┌─ SOURCE MATERIAL

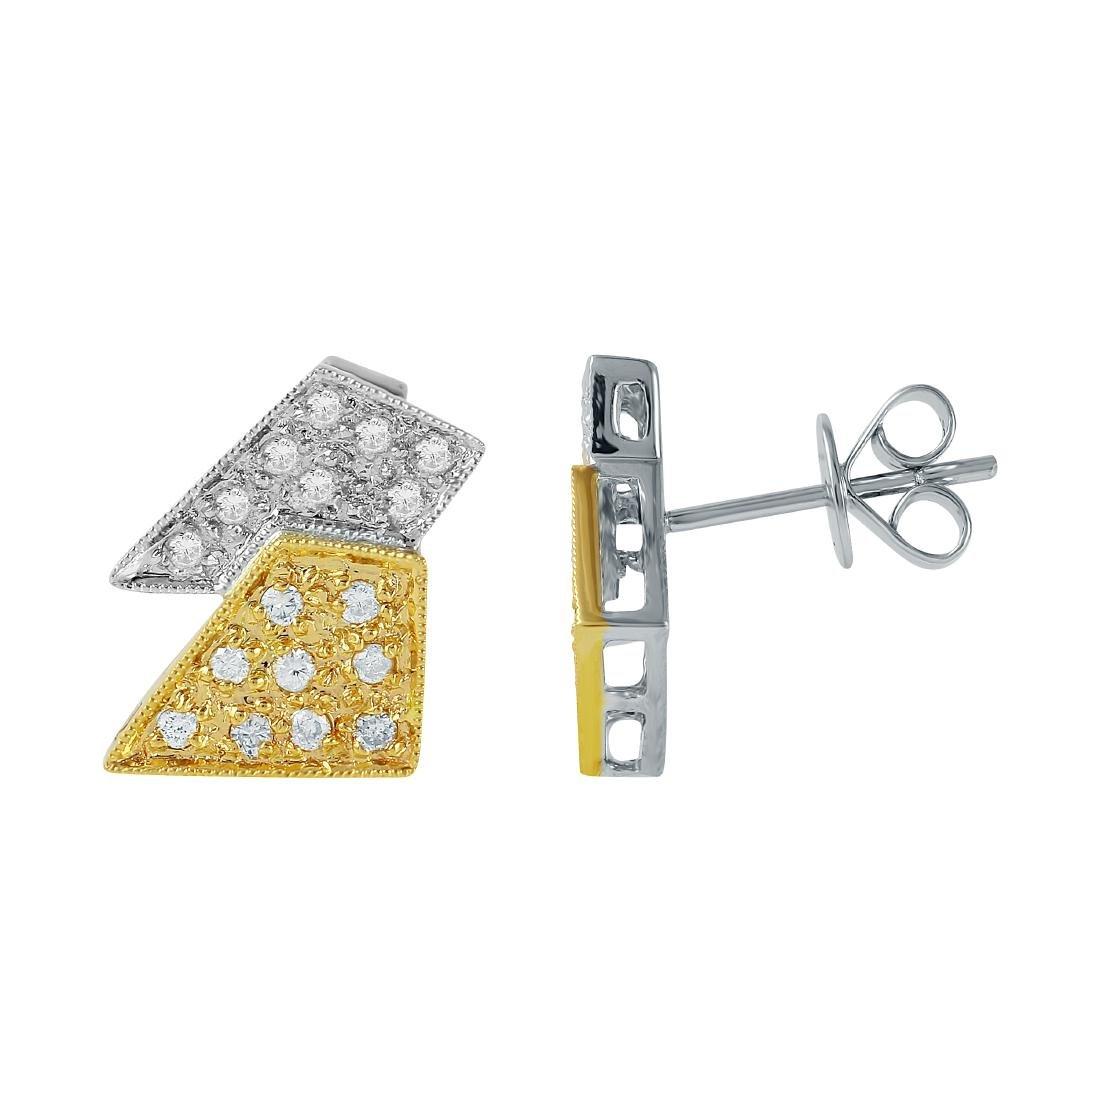 14KT Two Tone Gold Diamond Stud Earrings - 3
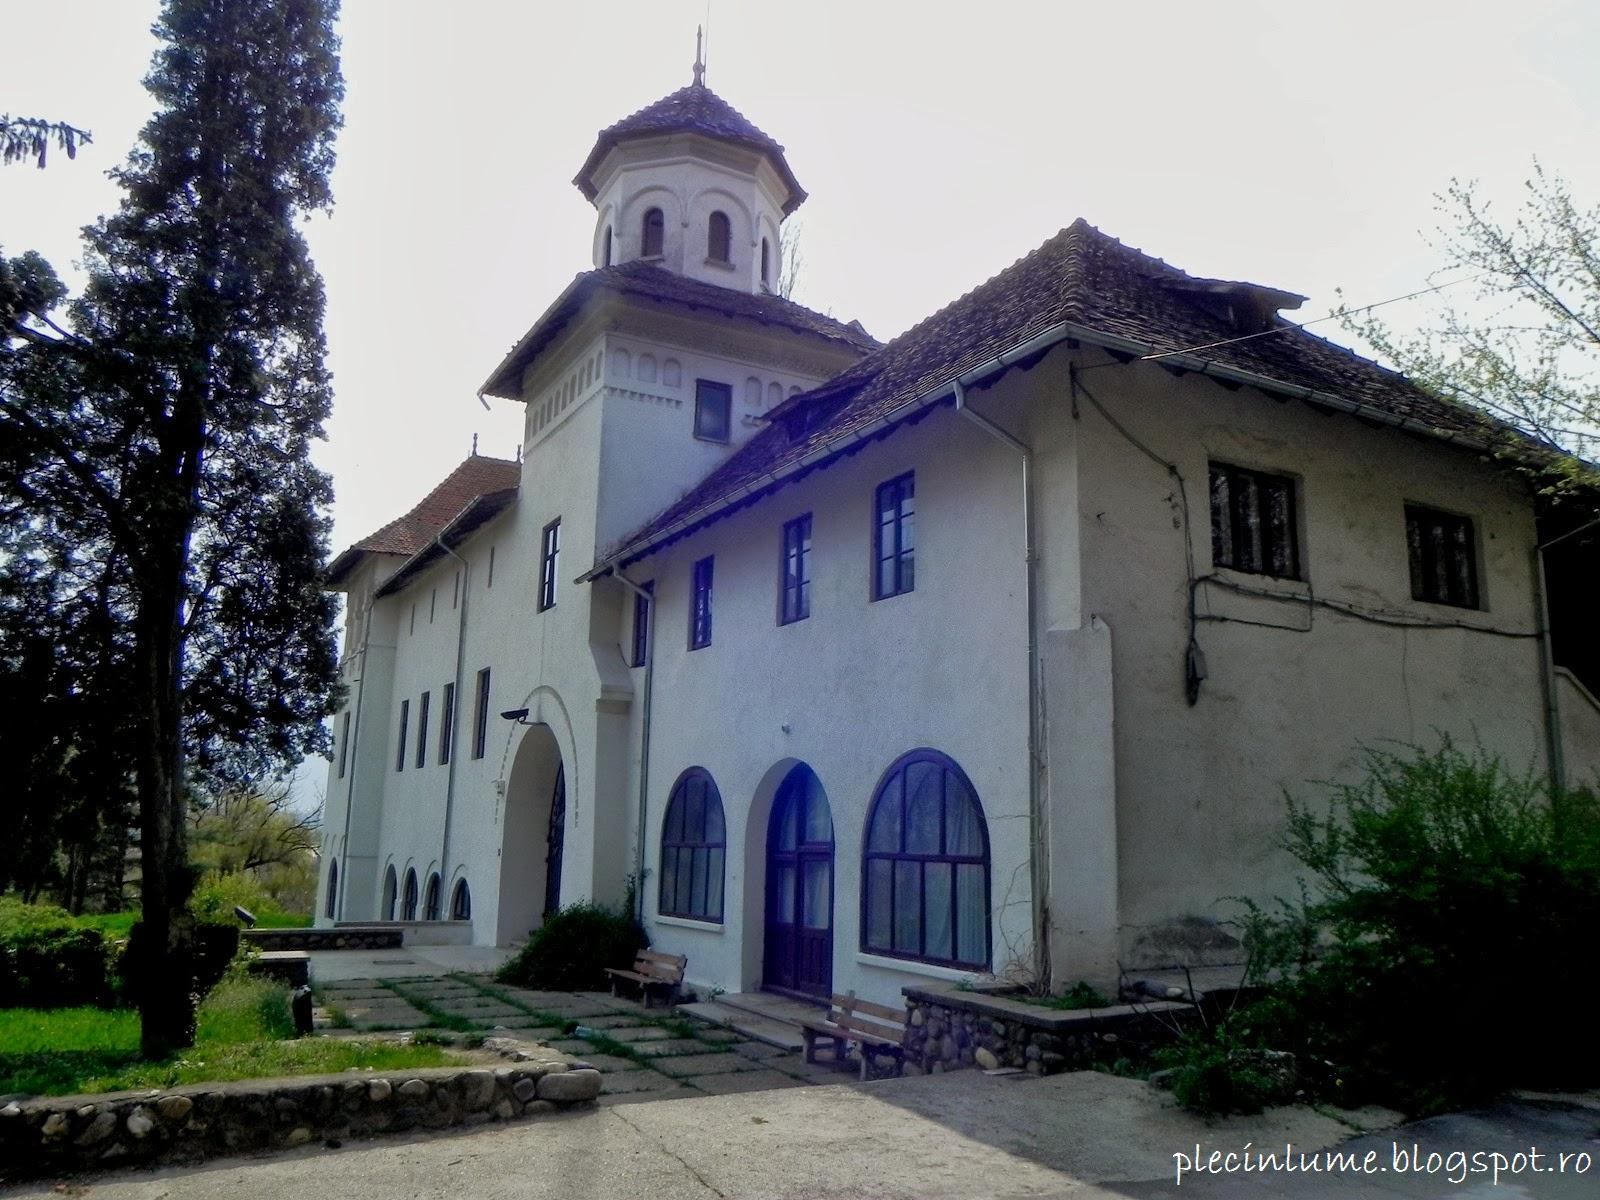 Fosta ferma, azi locatie de nunta: Conacul Bratienilor
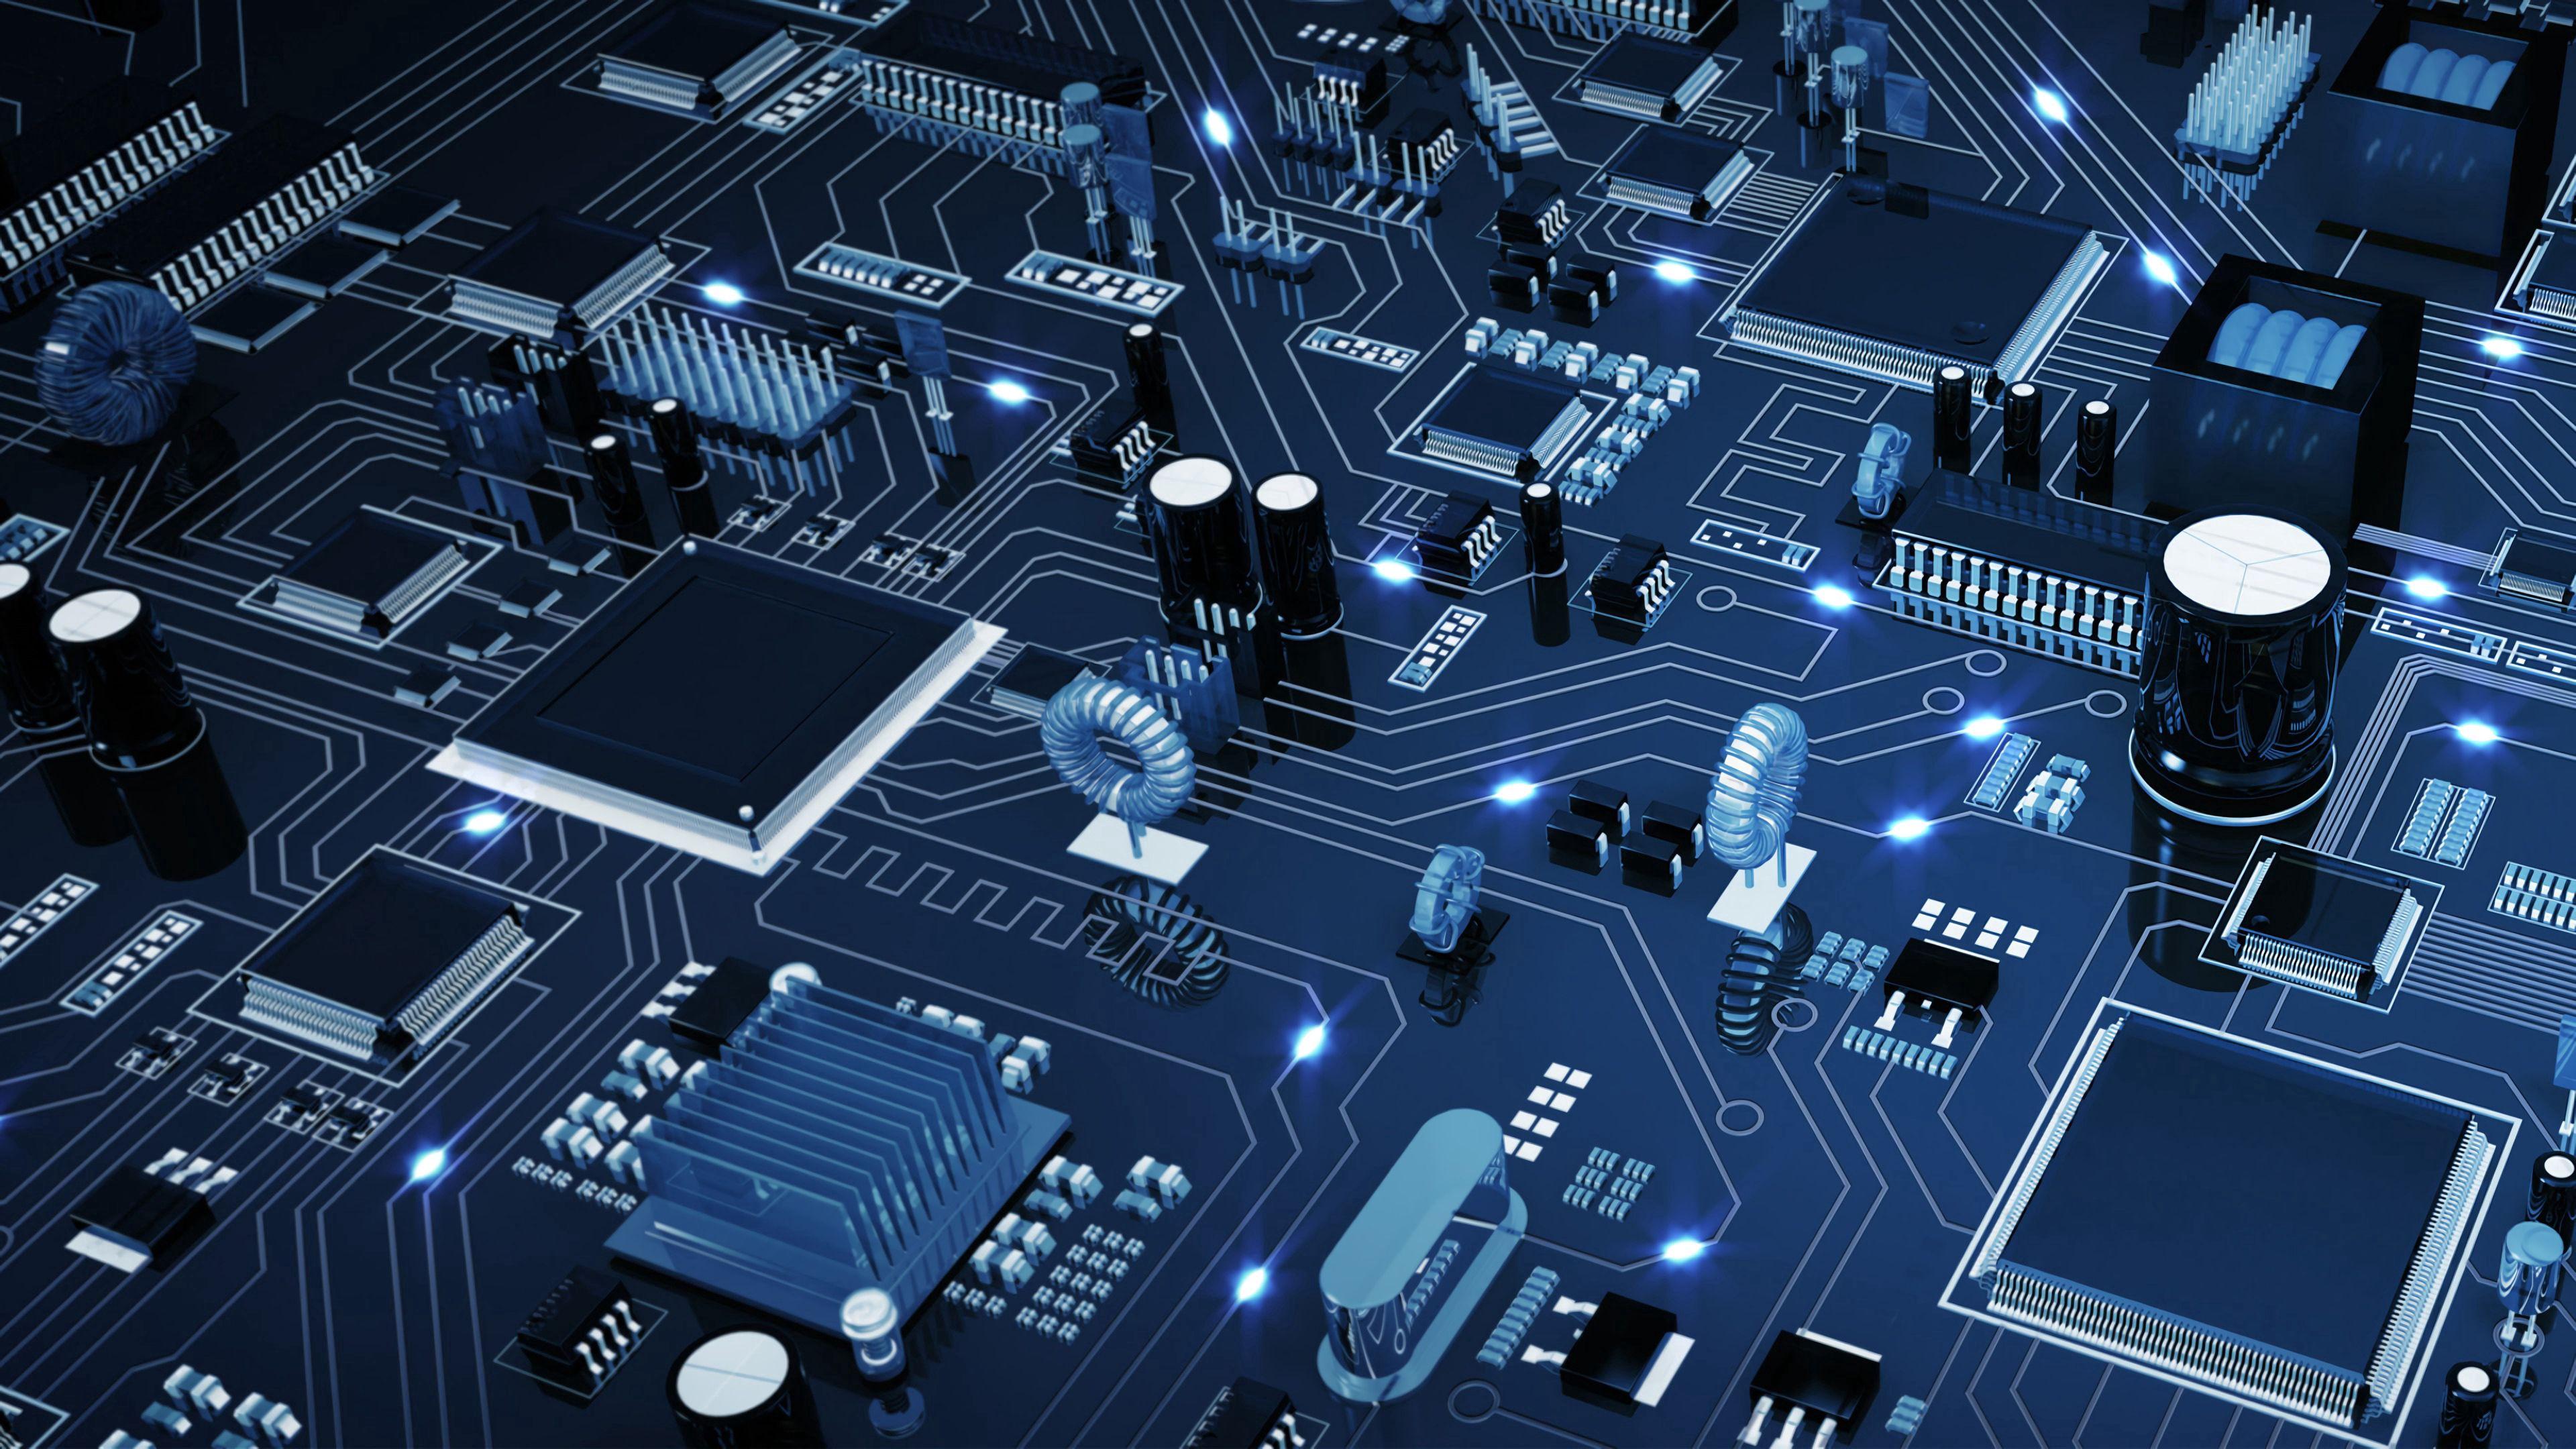 142546 Hintergrundbild herunterladen Verschiedenes, Sonstige, Chip, Prozessor, Zentralprozessor, Planen, Schema, Elektronik - Bildschirmschoner und Bilder kostenlos

└─

ACTION ITEM → What is needed is the whole listing again, exactly as written, with the images left out.

TASK ANSWER →
 14KT Two Tone Gold Diamond Stud Earrings - 3
 Fosta ferma, azi locatie de nunta: Conacul Bratienilor
 142546 Hintergrundbild herunterladen Verschiedenes, Sonstige, Chip, Prozessor, Zentralprozessor, Planen, Schema, Elektronik - Bildschirmschoner und Bilder kostenlos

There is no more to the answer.